### TASK OBJECTIVE
Copy the data that follows, character for character, minus the pictures.

### DATA SEGMENT
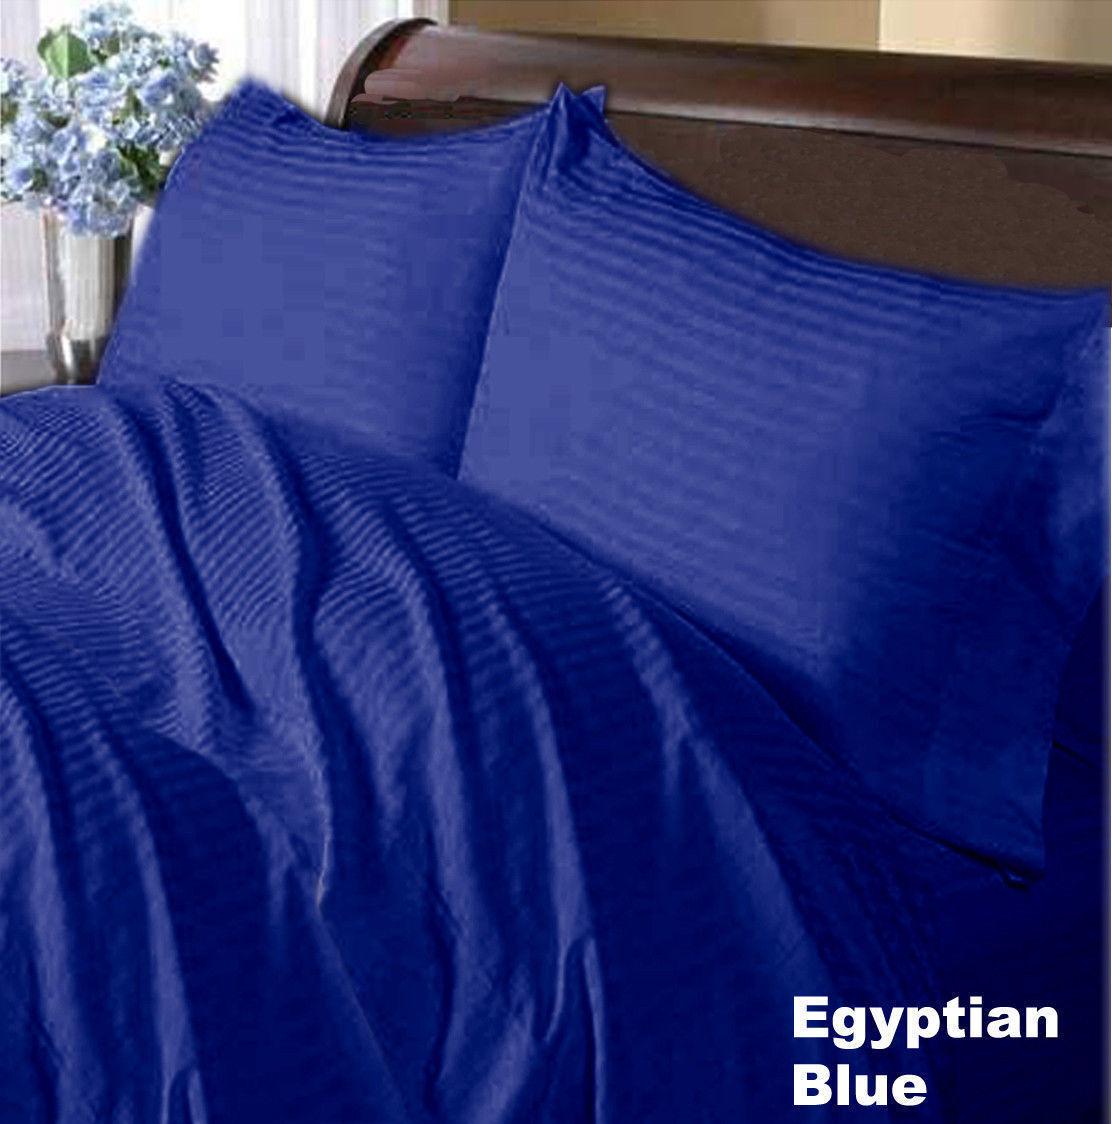 Bedding Items Egyptian Cotton 1000 Thread Count All Größes Egyptian Blau Stripe
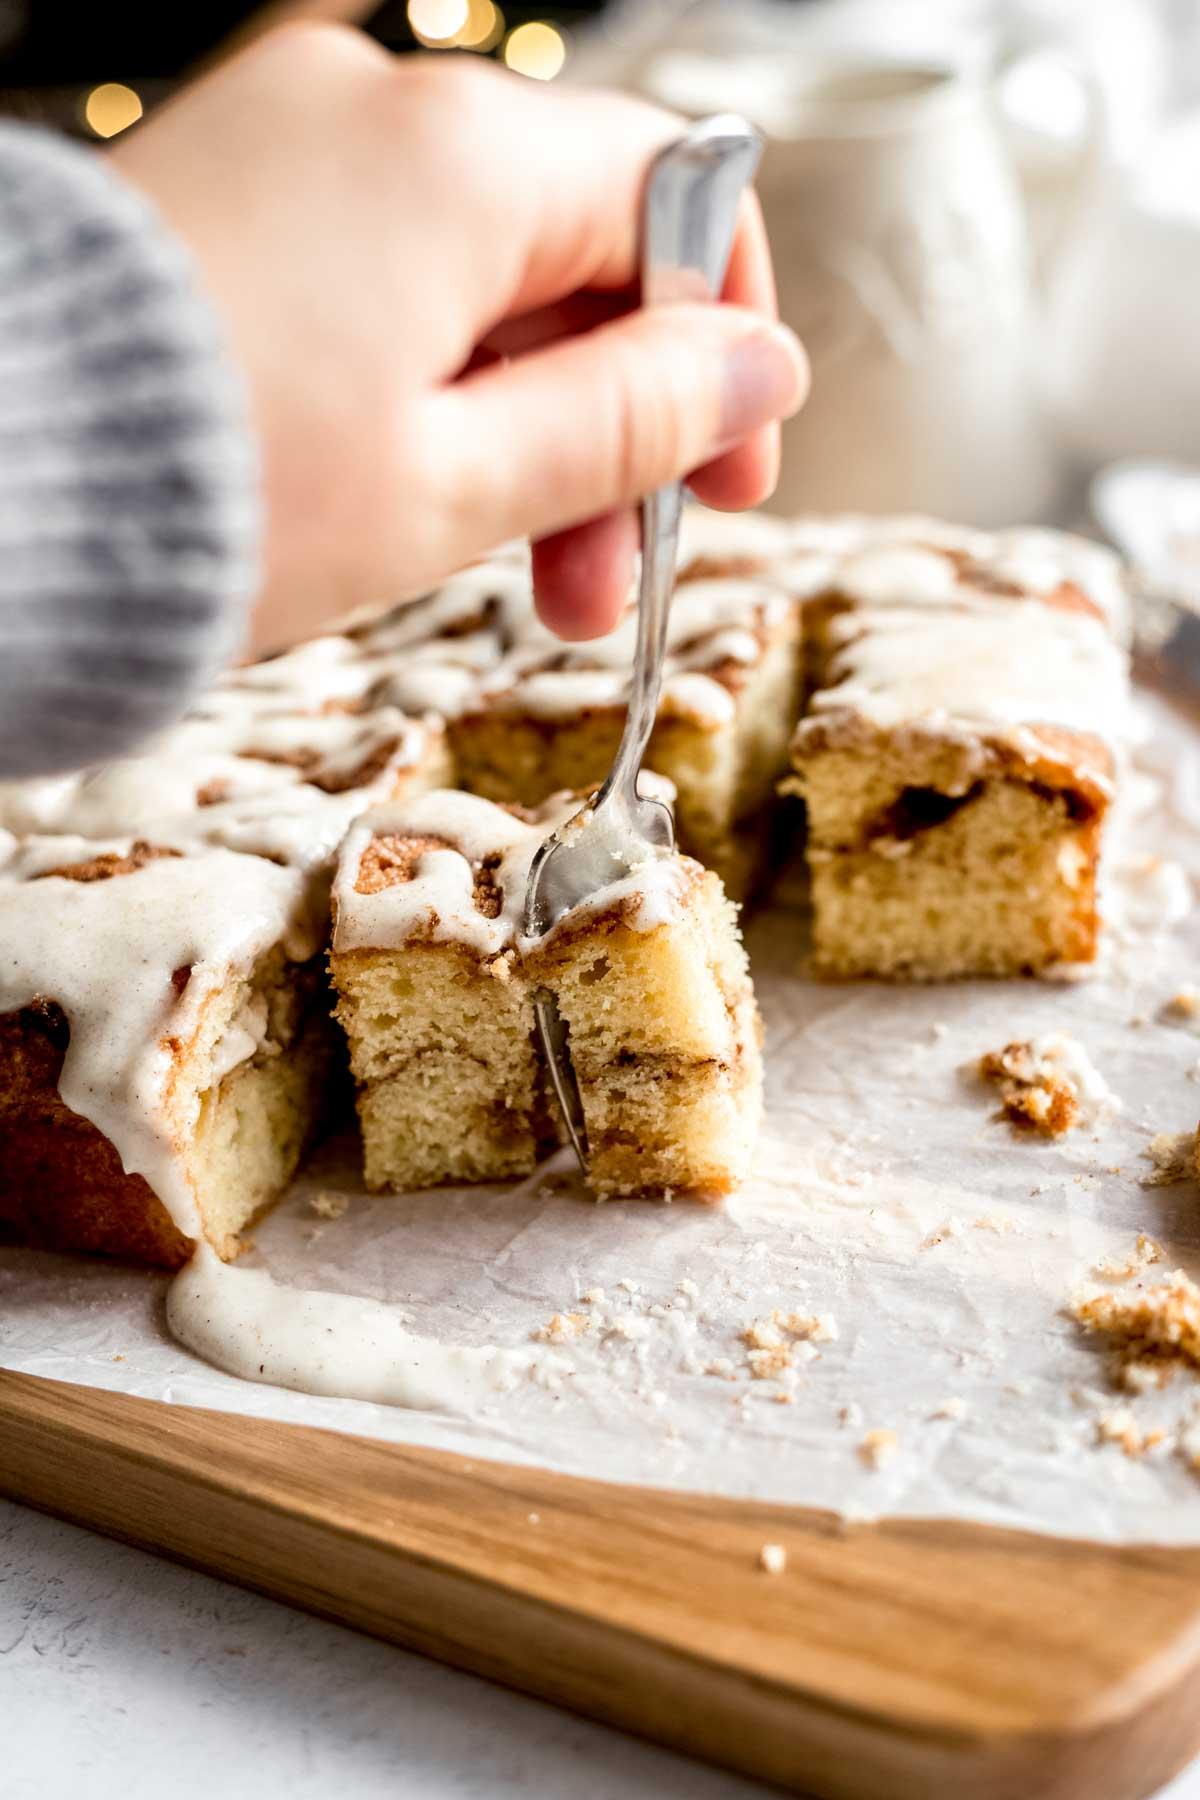 Biting into the cake - cream cheese glaze
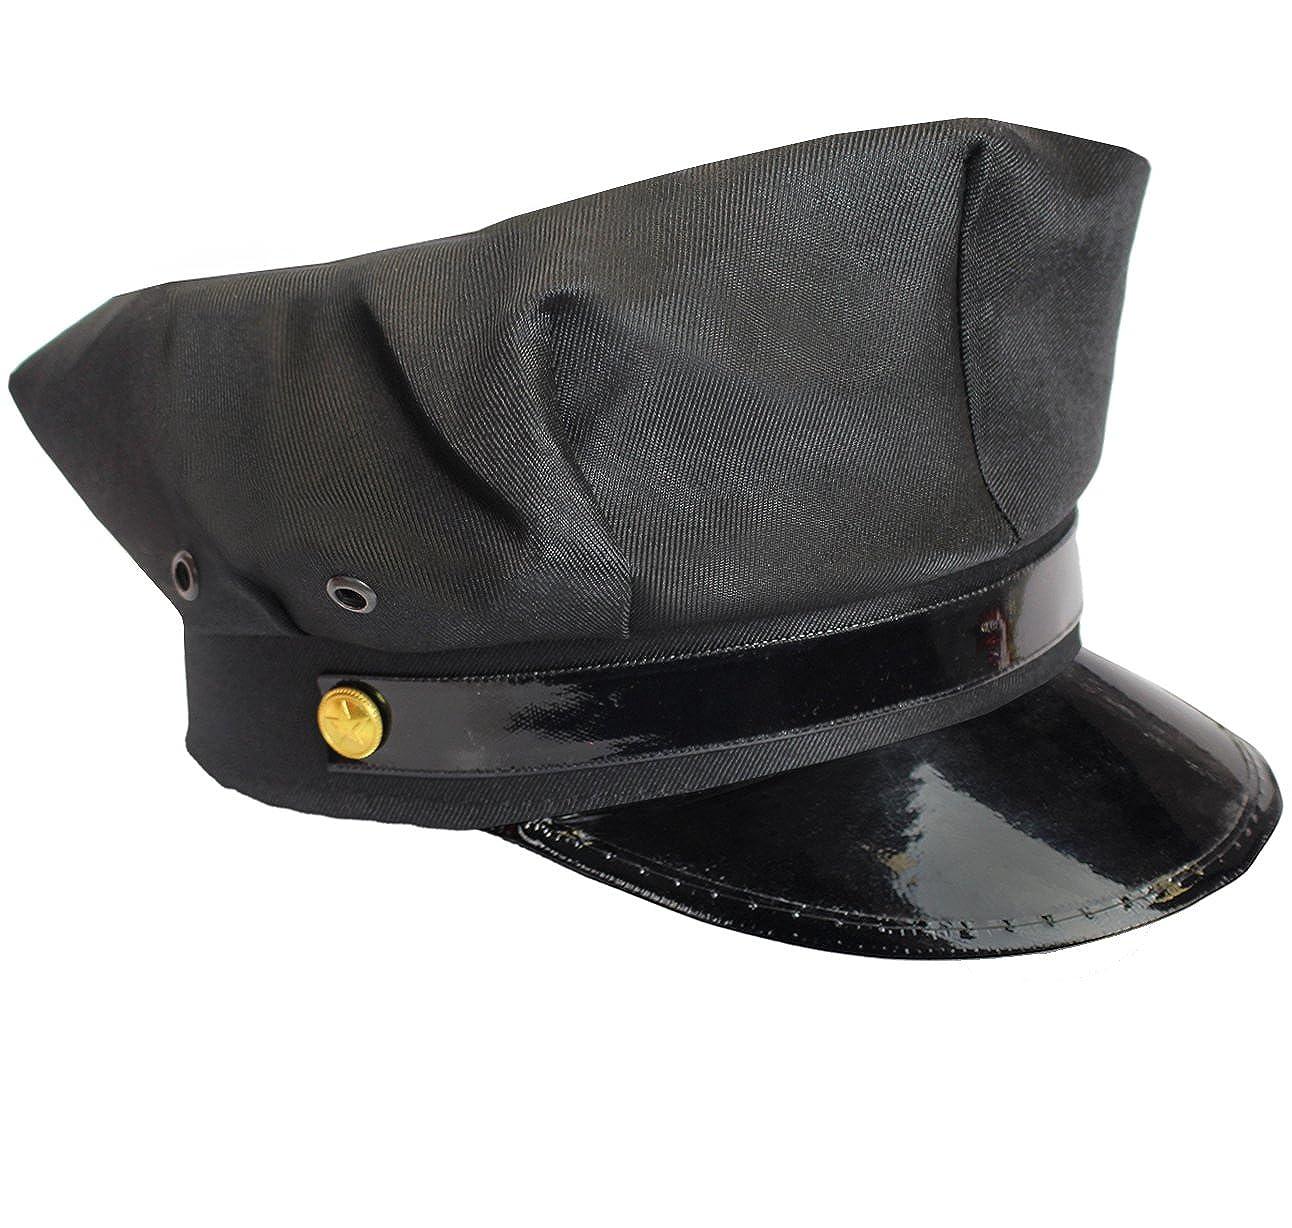 Amazon.com  Black Chauffeur Taxi Limo Driver Hat Cap  Clothing a2ce2d2fc43

### REPLY
 Bedding Items Egyptian Cotton 1000 Thread Count All Größes Egyptian Blau Stripe
 Biting into the cake - cream cheese glaze
 Amazon.com  Black Chauffeur Taxi Limo Driver Hat Cap  Clothing a2ce2d2fc43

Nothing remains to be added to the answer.